**Work order**
All pictures are to be dropped, and the remaining data set down exactly.

**Dataset content**
::::::::
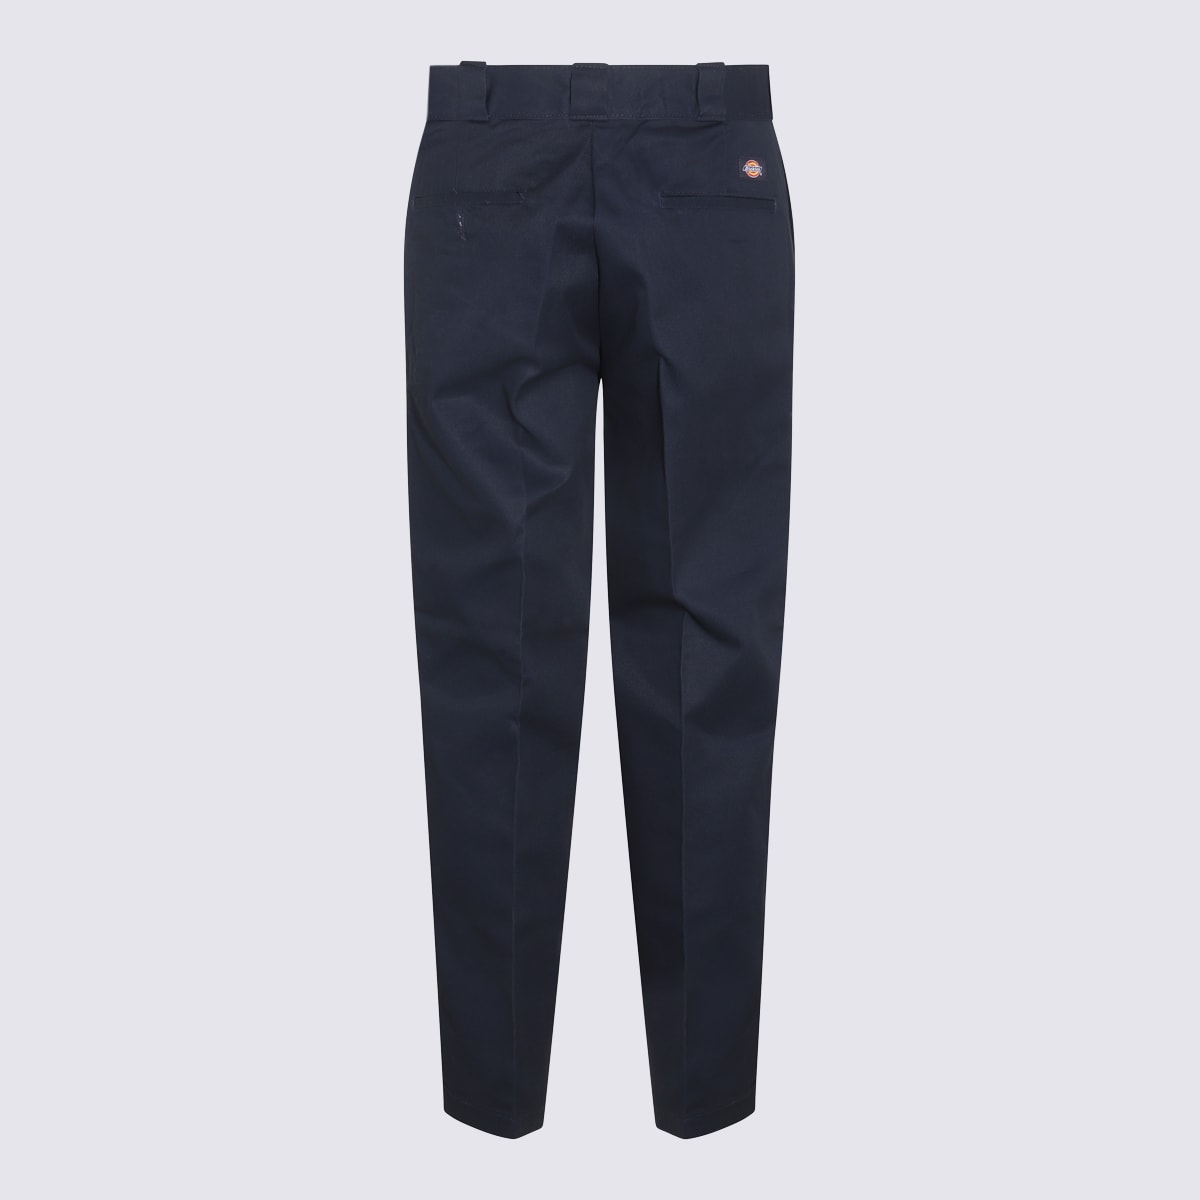 Shop Dickies Navy Blue Cotton Pants
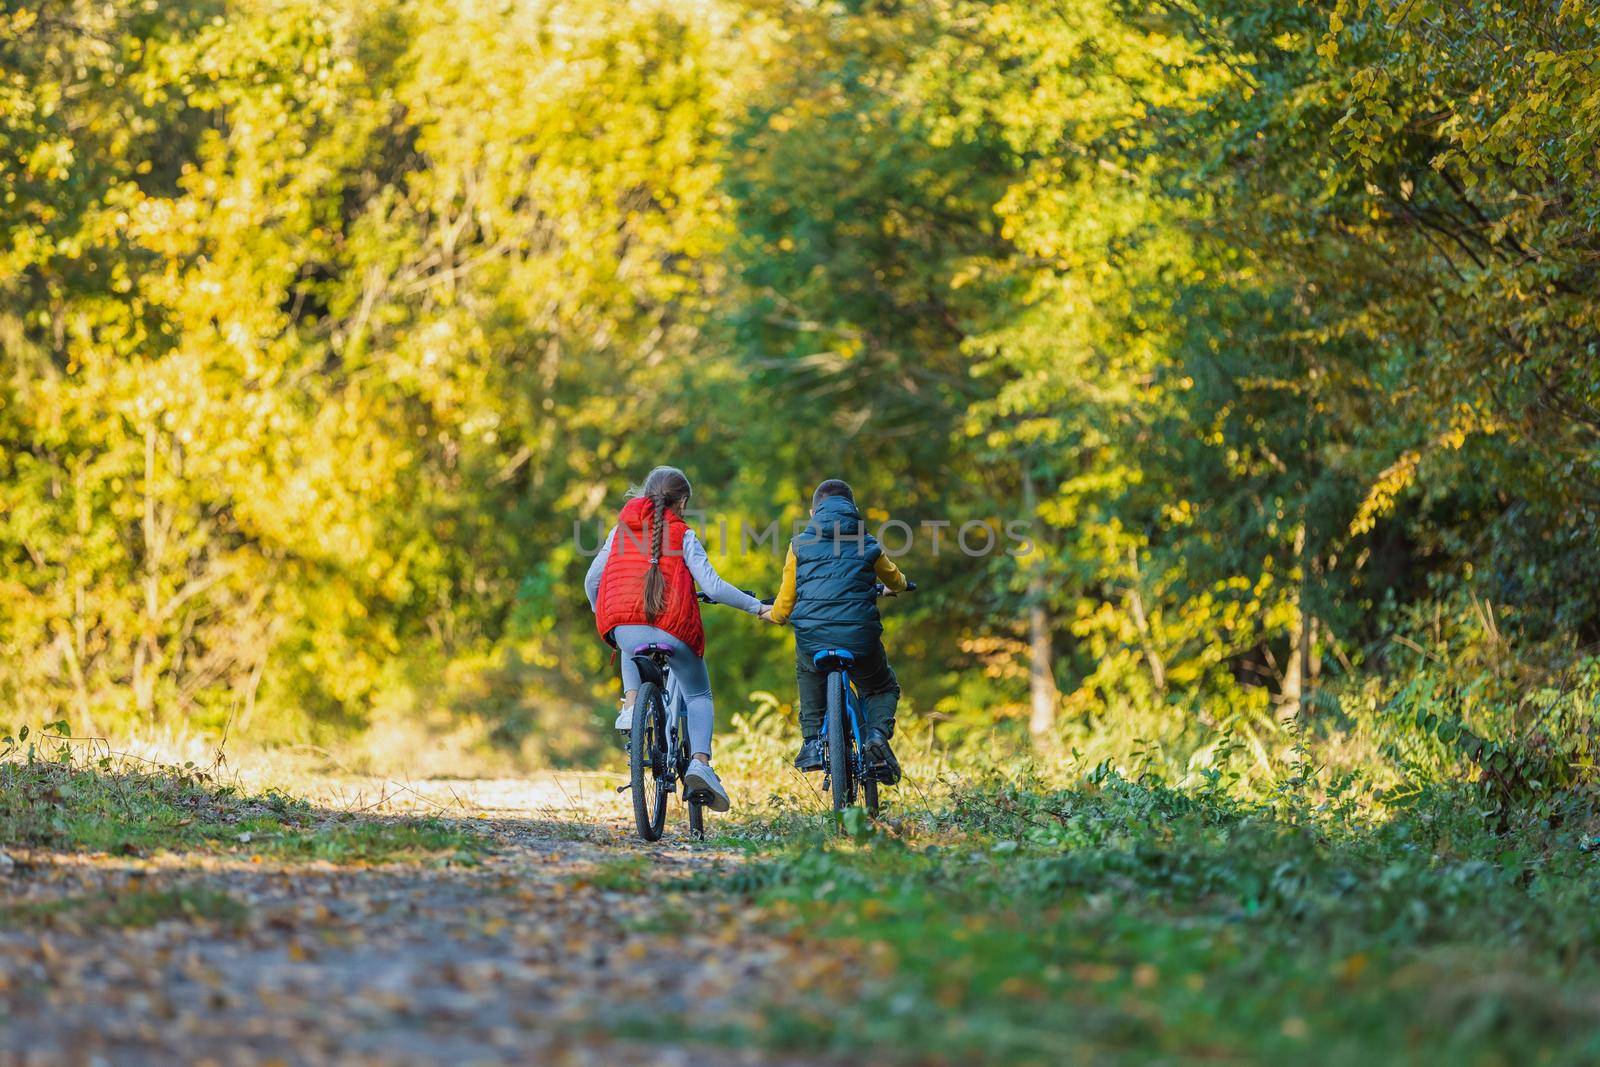 children ride a bike near the forest holding hands
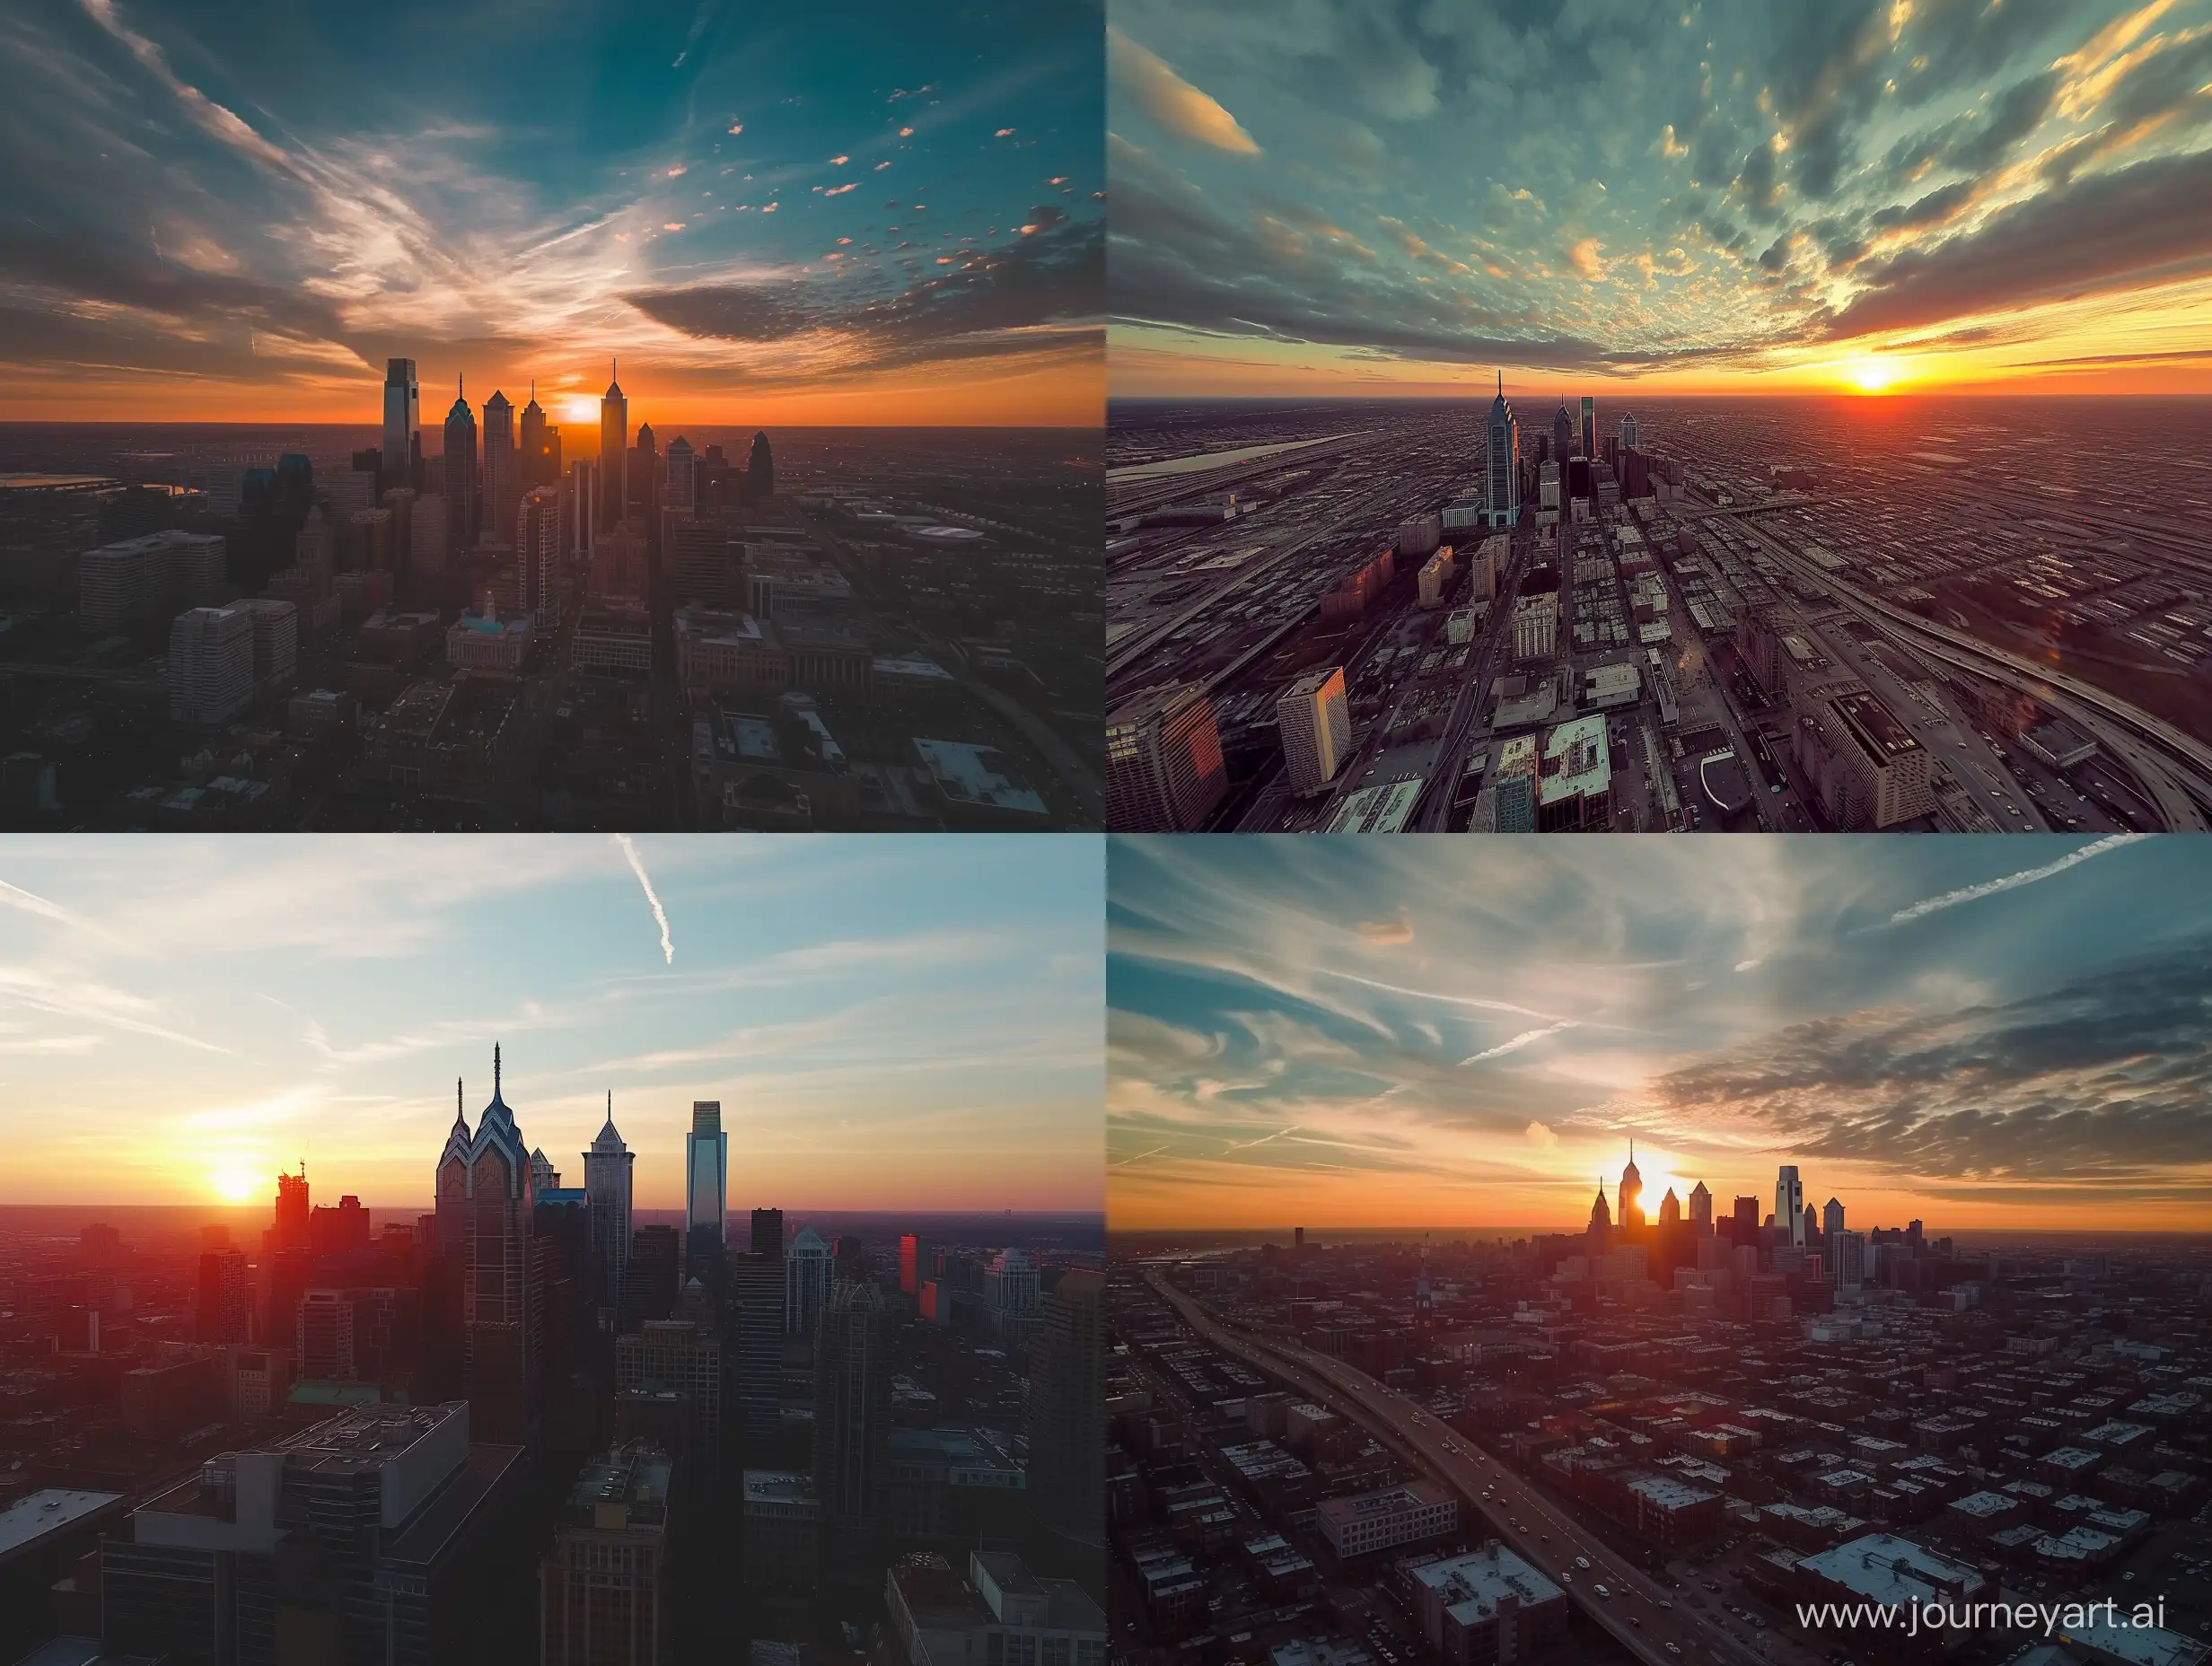 Vivid-Sunset-Over-Philadelphia-City-Breathtaking-Drone-View-of-Detailed-City-Scenes
::::::::
**Your solution**
 Shop Dickies Navy Blue Cotton Pants
 children ride a bike near the forest holding hands
 Vivid-Sunset-Over-Philadelphia-City-Breathtaking-Drone-View-of-Detailed-City-Scenes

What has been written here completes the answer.